### Exercise instructions
Images should be left out, and everything else in the listing reproduced exactly.

#### Input data ####

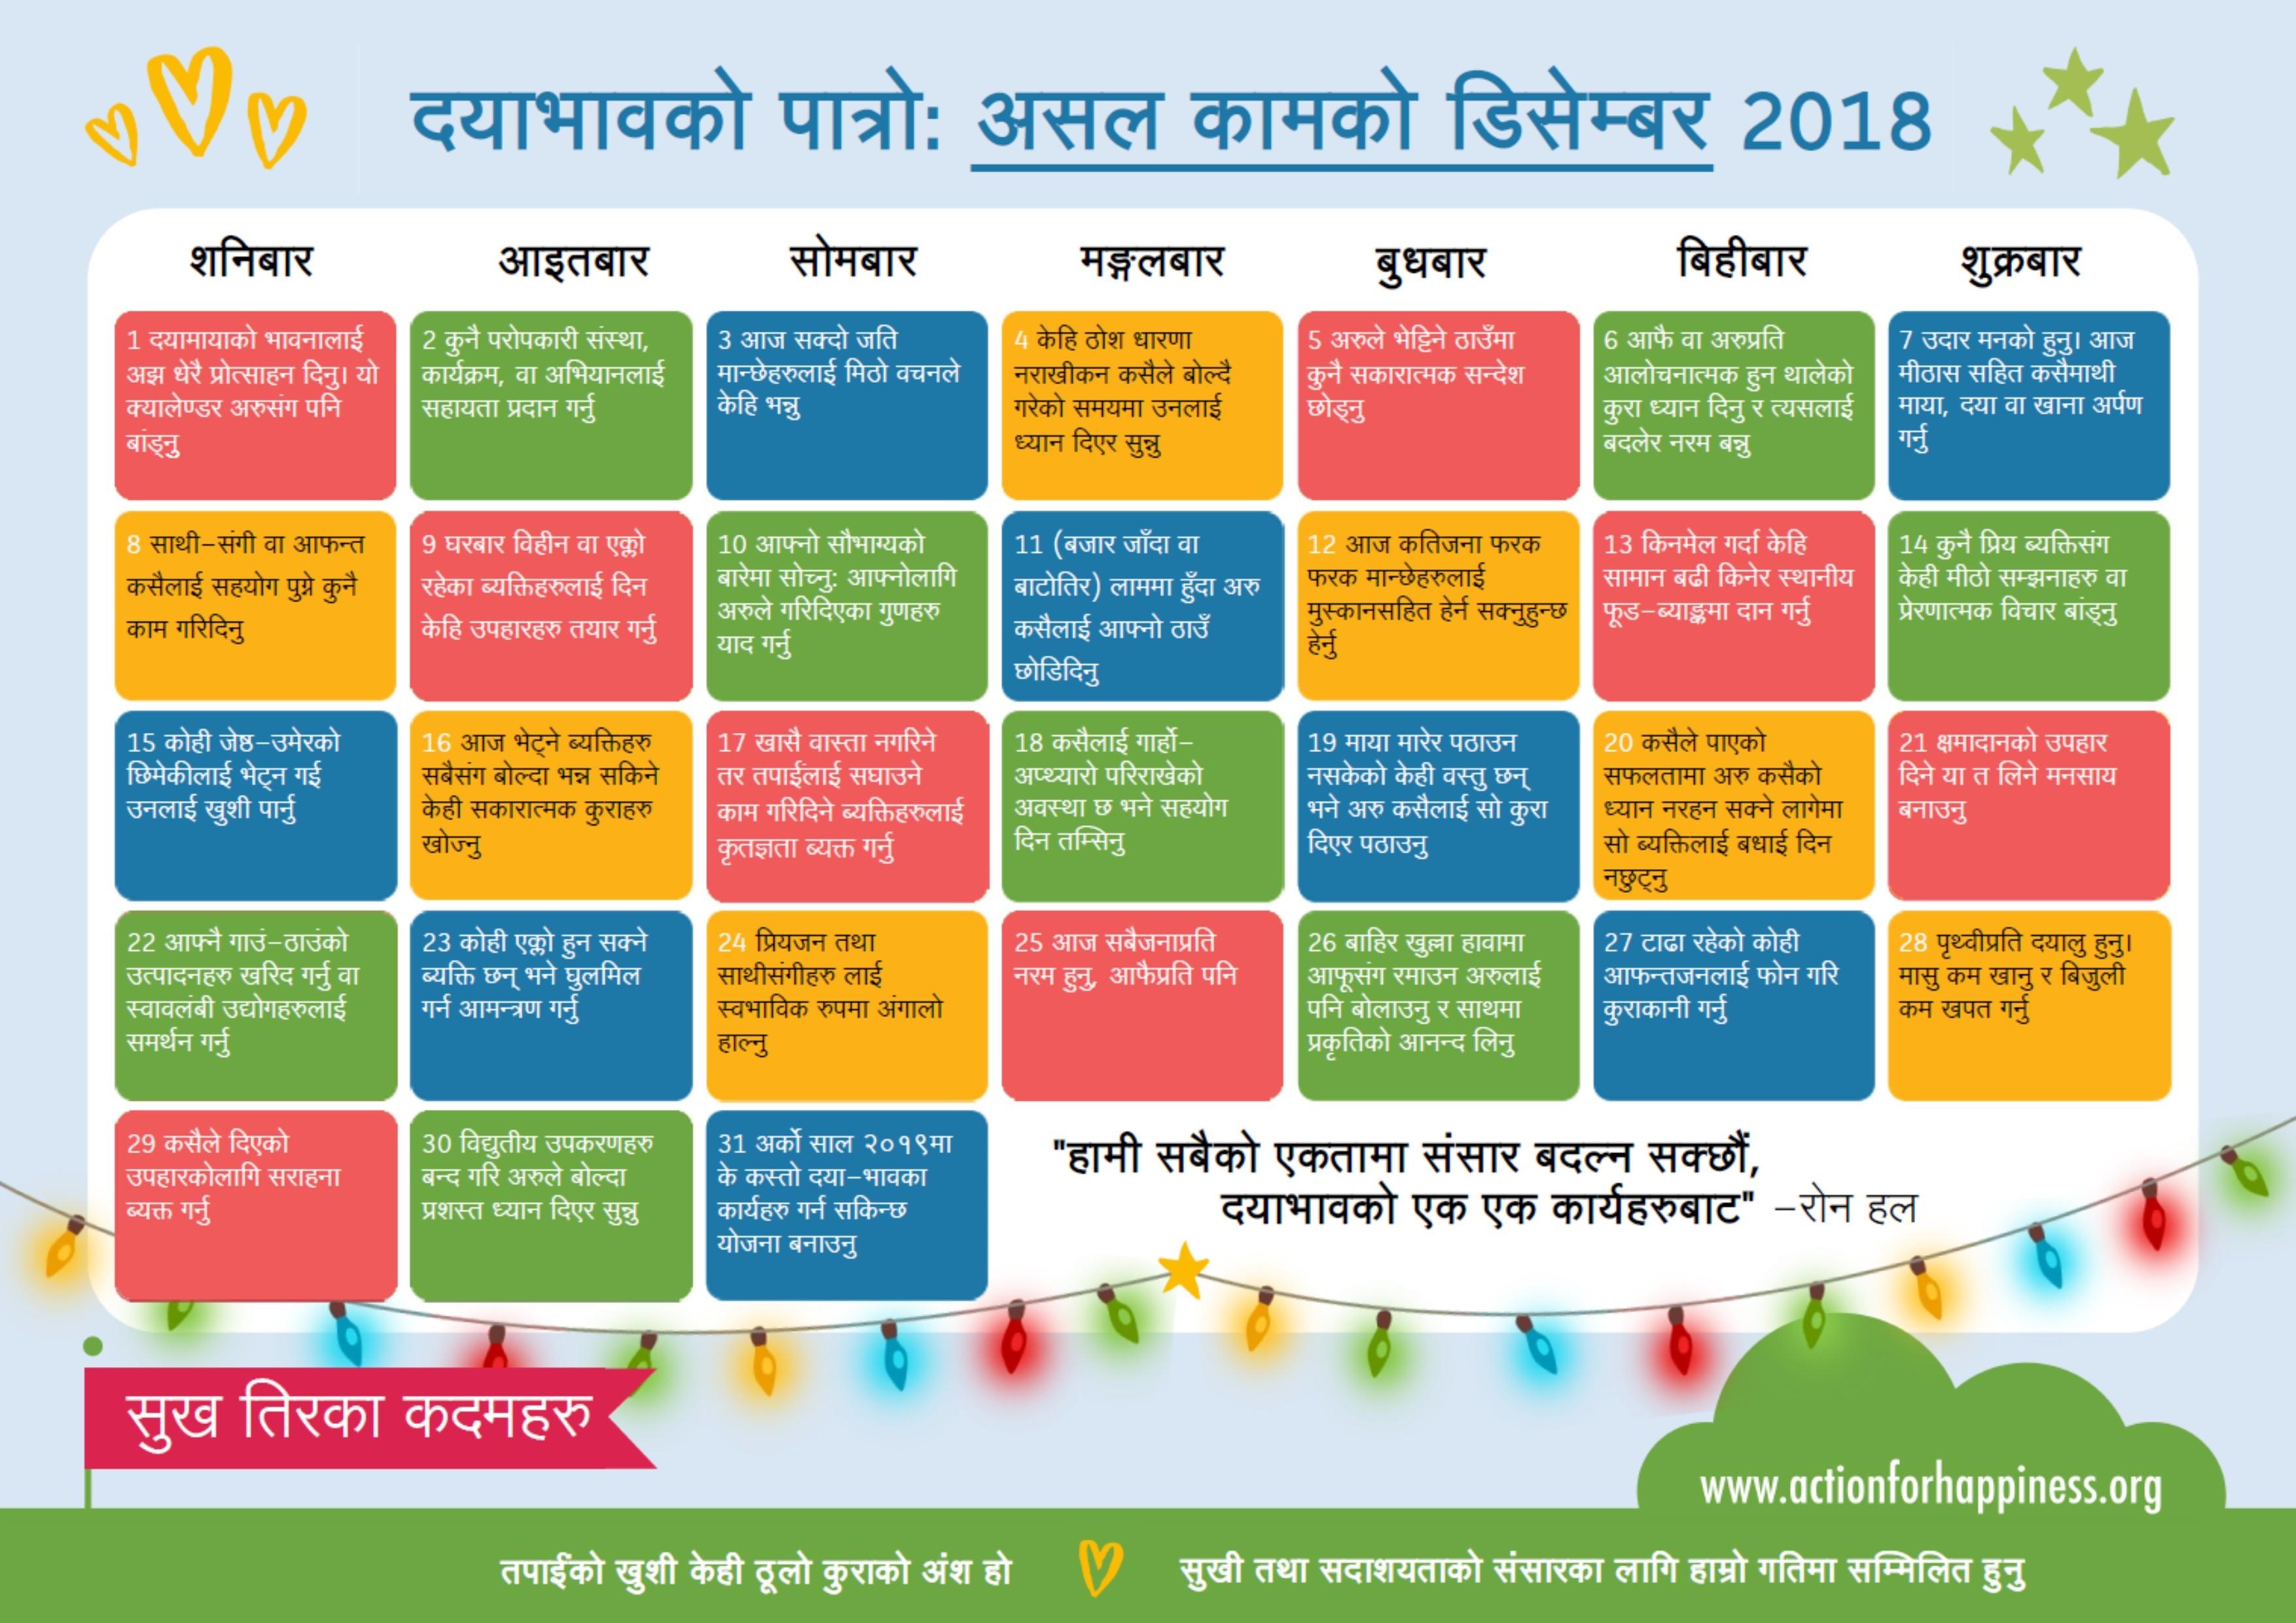 March 2019 Calendar Sri Lanka Más Caliente Action for Happiness Of March 2019 Calendar Sri Lanka Más Arriba-a-fecha events City Nomads
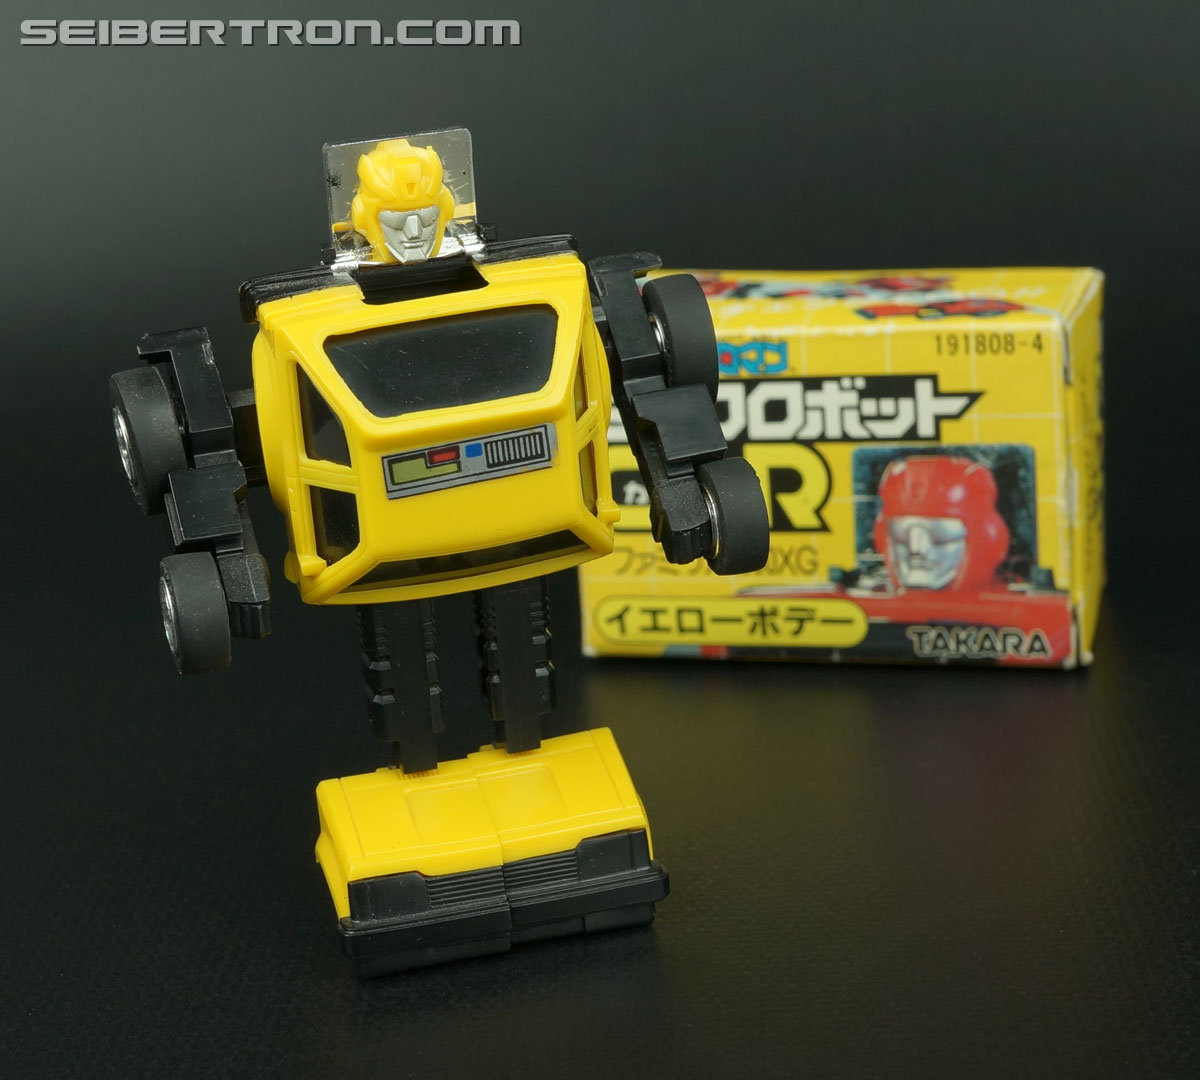 Transformers Micro Change MC04 Mini CAR Robo 02 XG1500 (Yellow) (Image #69 of 70)
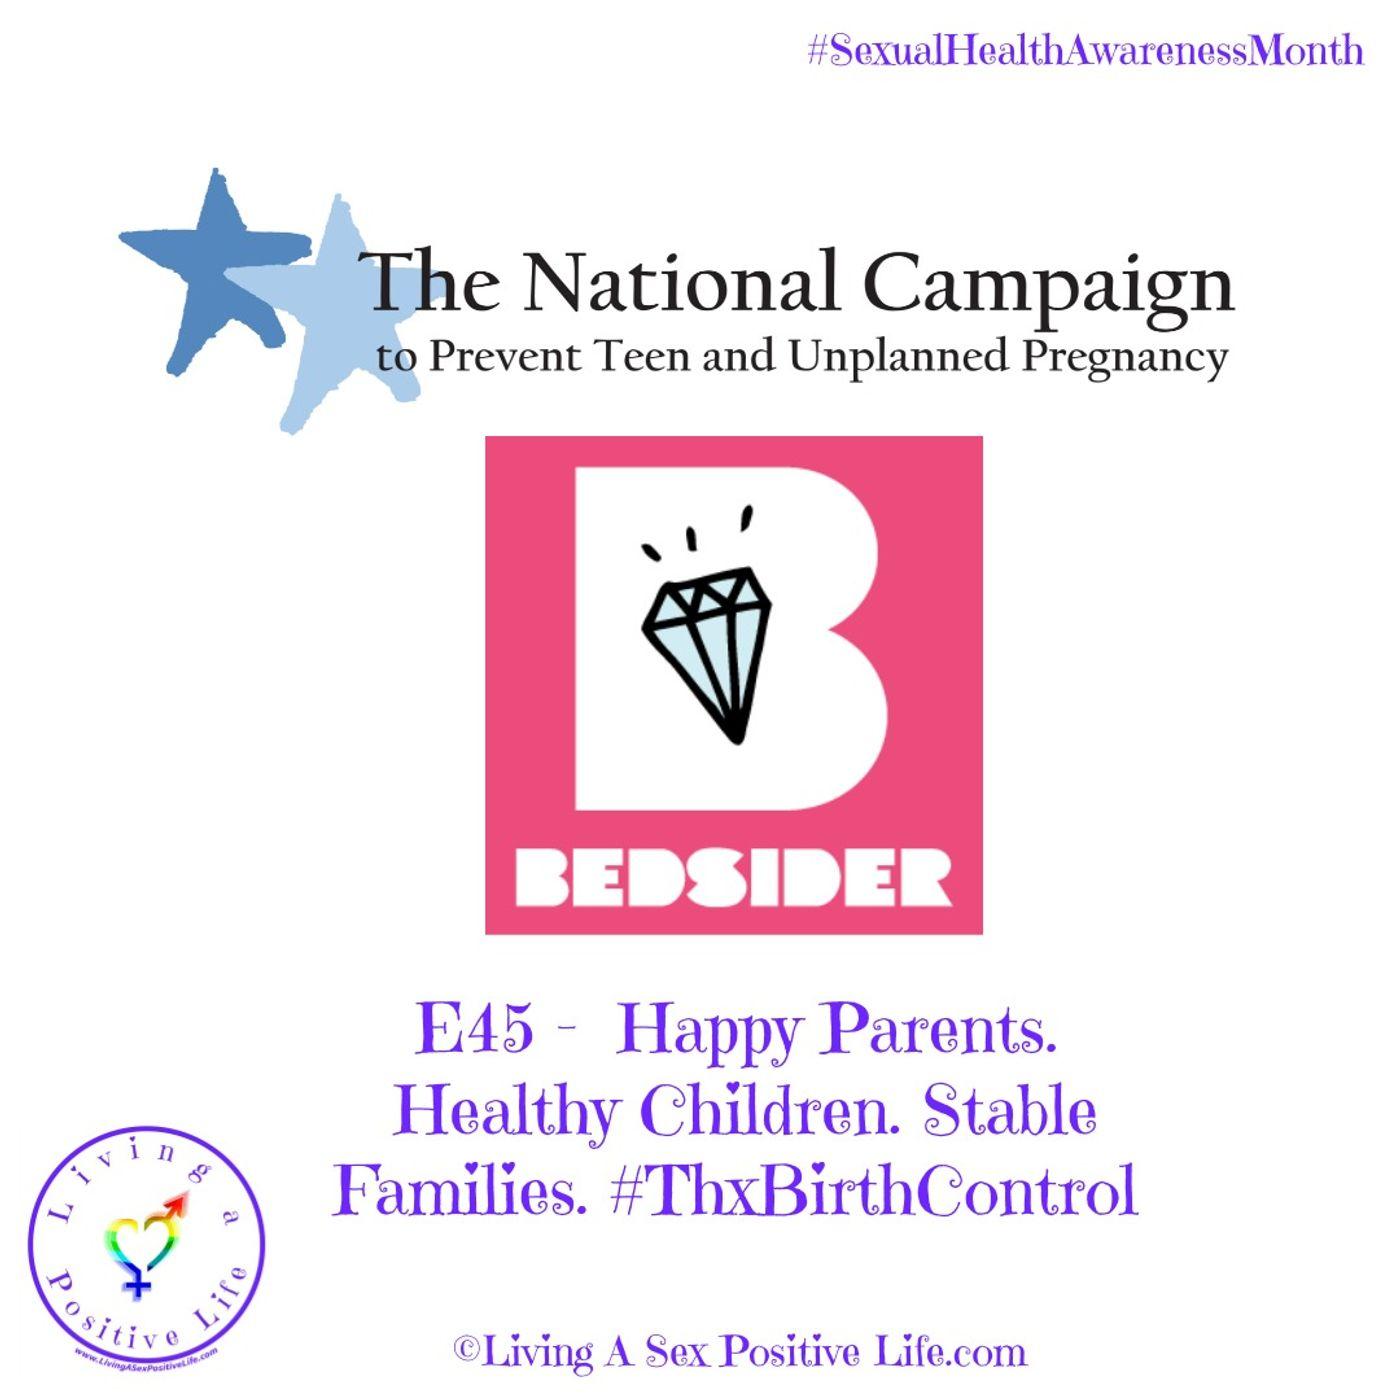 Sex Positive Me - E45 - Happy Parents. Healthy Children. Stable Families. #ThxBirthControl

####

### Exercise solution
 March 2019 Calendar Sri Lanka Más Caliente Action for Happiness Of March 2019 Calendar Sri Lanka Más Arriba-a-fecha events City Nomads
 Transformers Micro Change MC04 Mini CAR Robo 02 XG1500 (Yellow) (Image #69 of 70)
 Sex Positive Me - E45 - Happy Parents. Healthy Children. Stable Families. #ThxBirthControl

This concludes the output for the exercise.